= Suzie Q (dance move) =

Dance step

The Suzie Q (also Susie Q, Suzy Q or Susy Q) is a dance step in the Big Apple, Lindy Hop, Salsa, and other dances. In line dances this step is also known as heel twist (actually refers to step 2) or grind walk. The step is also used in jazz dance, and in Salsa shines.

The step originated from a novelty dance of the 1930s with the same name addressed in the 1936 song Doin' the Suzie-Q by Lil Hardin Armstrong.

== Name origin ==
The origin of the name "Suzie Q" is uncertain.
- An obituary published in The Salt Lake Tribune on September 21, 2008, for Susie Jane Dwyer (maiden name Quealy) (April 24, 1915 – September 17, 2008) of San Francisco makes the claim that "The popular song hit of the era, 'Doin' the Susie Q' was written in her honor."
- A December 12, 1936 news story claimed that the Suzie Q dance was introduced by two dancers from Georgia. The dancers had previously performed and introduced the dance at Syracuse, New York, but the audience misheard “Syracuse” as “Susie-Q.”

==The step==
The feet perform alternating cross steps and side steps with swivel action, as follows.
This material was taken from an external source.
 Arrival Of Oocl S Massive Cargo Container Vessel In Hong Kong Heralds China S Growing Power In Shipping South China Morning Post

- On 1, put the right foot on the heel across the left foot and put the weight on this heel, the toe being on the floor.
- On 2, swivel on the heel, the right toe swinging to the right, while doing a small step by the left foot to the side, almost in place or simply transferring the weight onto the left foot, or stepping slightly back.

Step 1 may also be accompanied with a light swivel of the left toe.
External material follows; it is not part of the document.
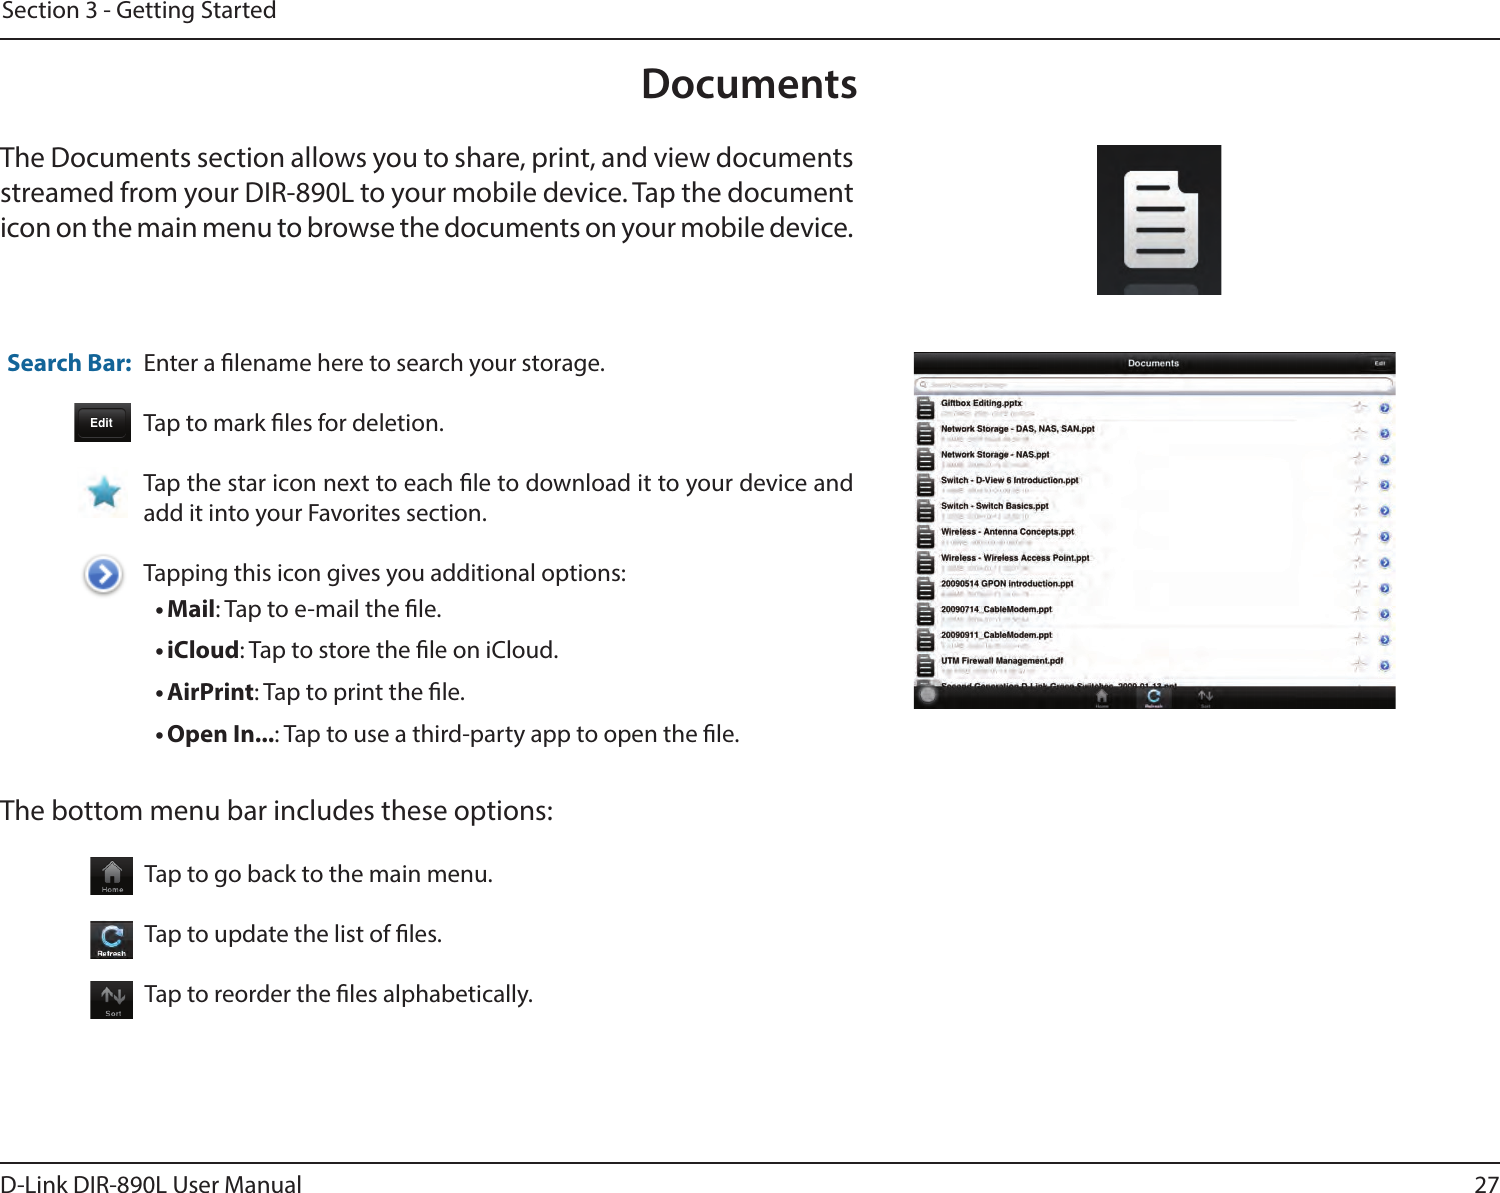 27D-Link DIR-890L User ManualSection 3 - Getting StartedDocumentsThe Documents section allows you to share, print, and view documents streamed from your DIR-890L to your mobile device. Tap the document icon on the main menu to browse the documents on your mobile device.Enter a lename here to search your storage.Tap to mark les for deletion.Tap the star icon next to each le to download it to your device and add it into your Favorites section.Tapping this icon gives you additional options:• Mail: Tap to e-mail the le.• iCloud: Tap to store the le on iCloud.• AirPrint: Tap to print the le.• Open In...: Tap to use a third-party app to open the le.The bottom menu bar includes these options:Search Bar: Tap to go back to the main menu.Tap to update the list of les.Tap to reorder the les alphabetically.

One may continue in one of the ways:
- Repeat steps 1 and 2 several times.
- or
  - On 3, step with the right foot to the right.
  - On 4, bring the left foot together or step across the right foot.
  - repeat steps 1, 2, 3, 4.
- or (change of direction)
  - On 3, step with the right foot to the right.
  - On 4, do nothing.
  - 5, 6, 7, 8 do any of the three patterns from the opposite foot.

===Partnered Suzy Qs===
In Lindy Hop, Suzy Qs can be performed by couples, either facing each other in open position, or side by side.